Митричево чудо

30.04.2024, 15:55 Автор: Лия Лисанова

Закрыть настройки

Дорога меж Старыми Удами и Бабежом в любое время года выглядела отвратно. Колдобины с ямами изредка сменялись крошевом старого, ещё советского асфальта. Летом ветер гнал на неё пыль с соседней пустоши, а весной и осенью дорога раскисала от воды. Разве что зимой ещё можно было проехать, да только никому не надо.

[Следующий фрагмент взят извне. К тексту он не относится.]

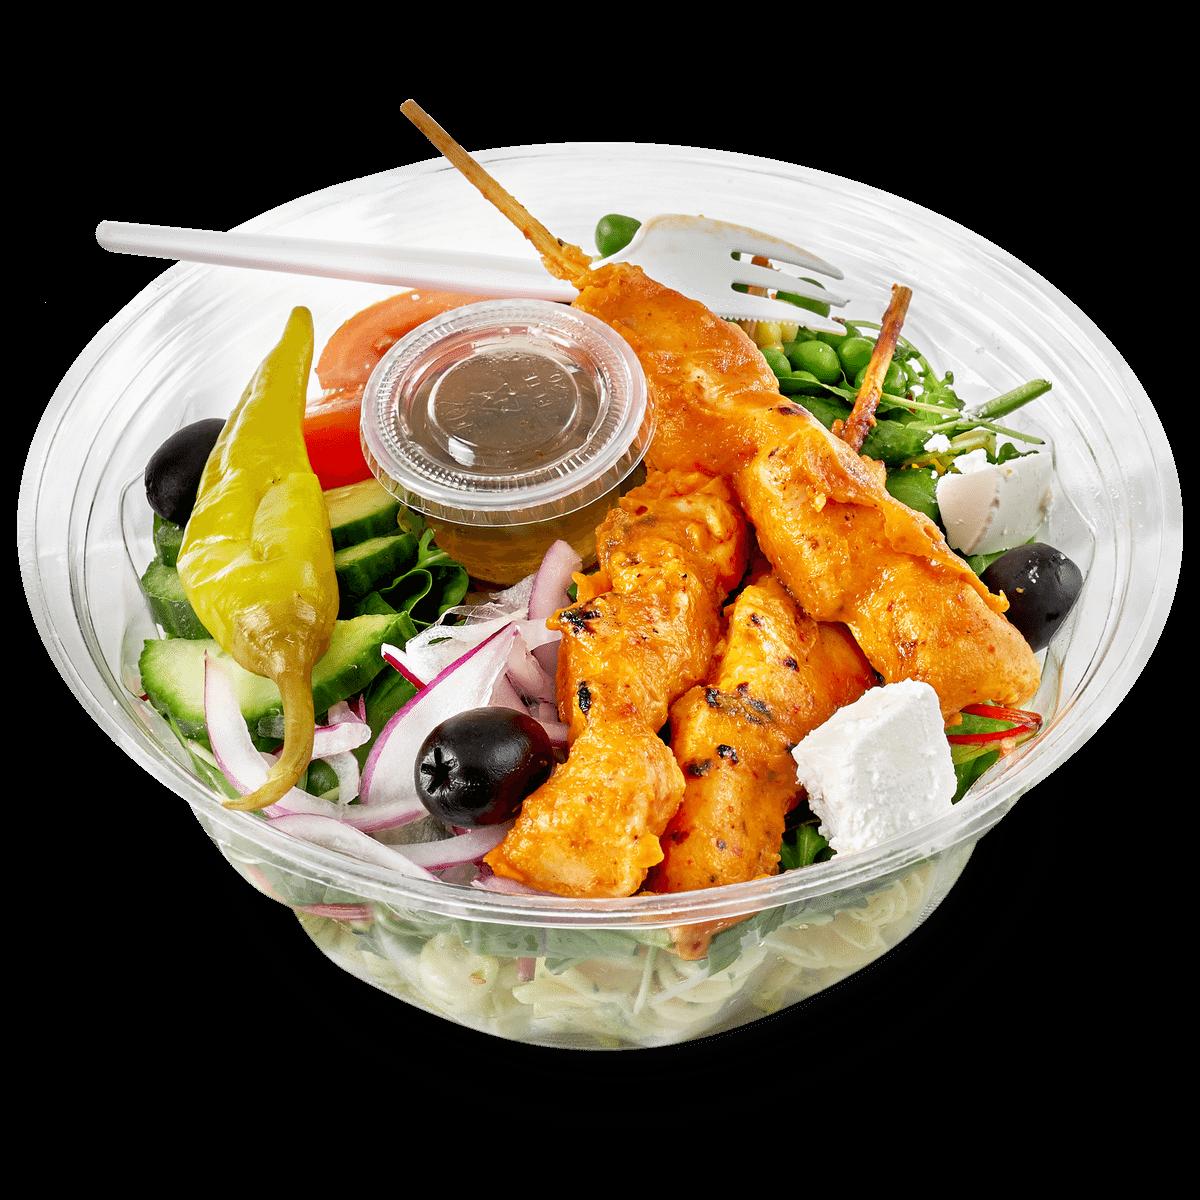 sallader-kyckling-spett-sallad-01

Дачники, что только летом у местного озера отдыхали, к тому времени перебирались в город, а местные… Да что местным, запасались на зиму как хомяки да и сычевали до весны. А коли прижмёт вдругоряд, так река Порубежа прокормит, главное животку запасти да до весны сохранить, чтоб налима али сома добыть можно было. Так на рыбе да на закрутках летних и жили.
       
       Нету молодёжи нонче в деревнях, вся в город подалась, а и новой неоткуда взяться, сплошь старики да старухи век доживают, а в Старых Удах так и вовсе один мужик остался. Вона, в Бабеже даже ржали: Митрич и его гарем. Но всё одно, дорога даже в этот межвежий край надобна. ФАП то только в Бабеже и есть, а по весенней аль осенней распутице фельдшер только к сороковинам, почитай, и добирался.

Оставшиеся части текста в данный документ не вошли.